2. Consider dimensionality reduction techniques like PCA if needed to reduce feature
complexity.
3. Build a Baseline Machine Learning Model:
4. Develop a simple classifier as a proof-of-concept using basic machine learning
algorithms like Random Forest or Support Vector Machine (SVM).
5. Train the model on a subset of the labelled reads and evaluate its performance using
common metrics (e.g., accuracy, precision, recall).
6. Aim to establish a baseline performance metric that can be used to improve the model
later.
Metagenomics (PID 7)
Mentor: Vaishnavi, Dr.Aditi Maulik
Participants: Niskarsh Vikram Singh
Objective: Assembly based and / read based metagenomic data analysis to determine taxonomic and genome abundance using advanced metagenome tools.
Method:
Please follow the steps below for the metagenomic analysis.
1. Metagenomic read set will be provided.
2. Ensure that the raw sequencing reads are of high quality and remove low-quality sequences, adapters, and contaminants.
3. Identify the taxonomic composition of the microbial community in the metagenomic sample.
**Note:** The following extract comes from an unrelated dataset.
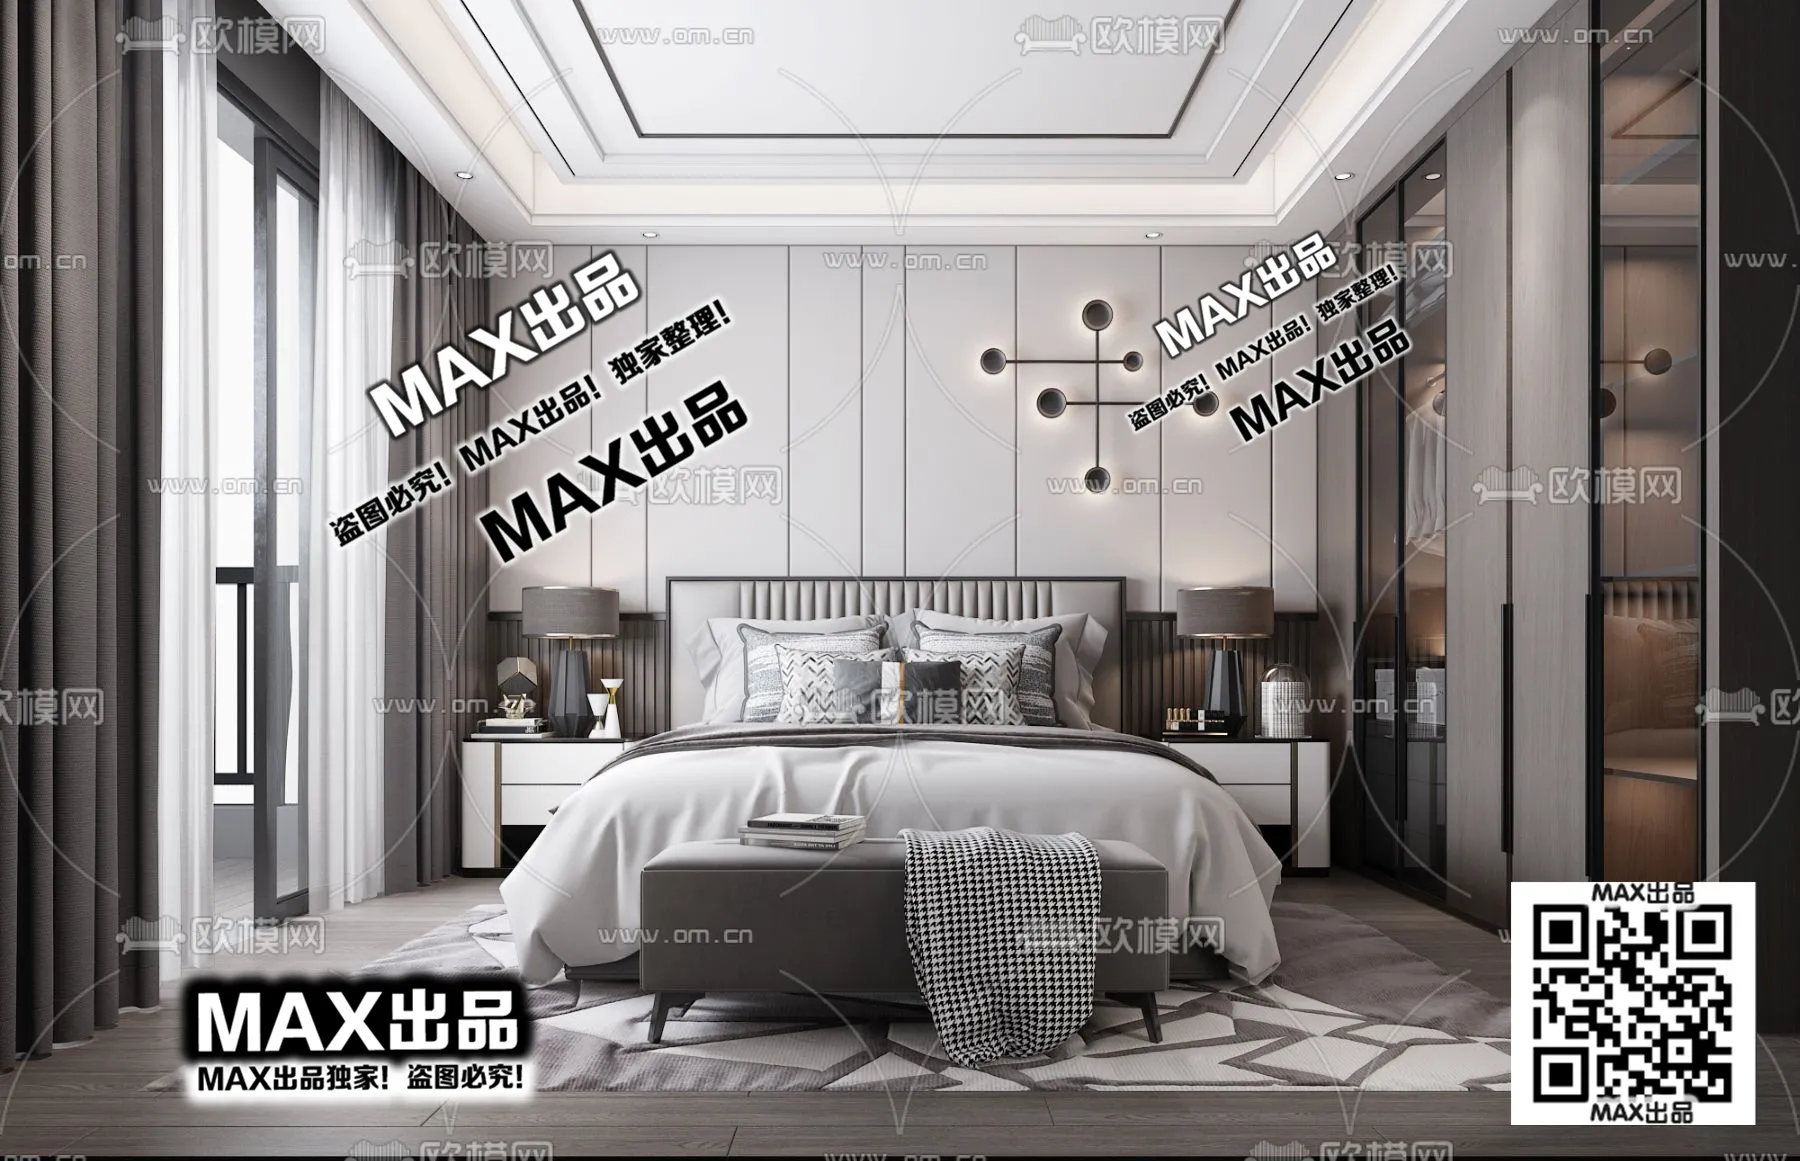 3DS MAX SCENES – LIVING ROOM – 028

4. Assemble the metagenomic reads into contigs to study the microbial genome sequences.
5. Group assembled contigs into genome bins (if any) representing individual microbial genomes.
6. Predict genes from assembled contigs or bins and annotate them to understand their functional potential.
7. Gene Abundance Quantification: Quantify the abundance of predicted genes across metagenomic samples.
8. Functional Profiling: Determine the functional composition of the microbial community based on gene annotations.
9. Visualize the results of taxonomic and functional profiling for interpretation.
Expected outcome:
Taxonomic Profiles: Identification of microbial species in the community and their relative abundances.
Functional Profiles: Insights into the biological functions and metabolic pathways present in the community.
Gene Abundance: Quantification of genes or gene families and their functional roles.
Assembled Contigs and Bins: Draft genomes representing members of the microbial community.
Visualizations: Graphical representation of taxonomic and functional diversity.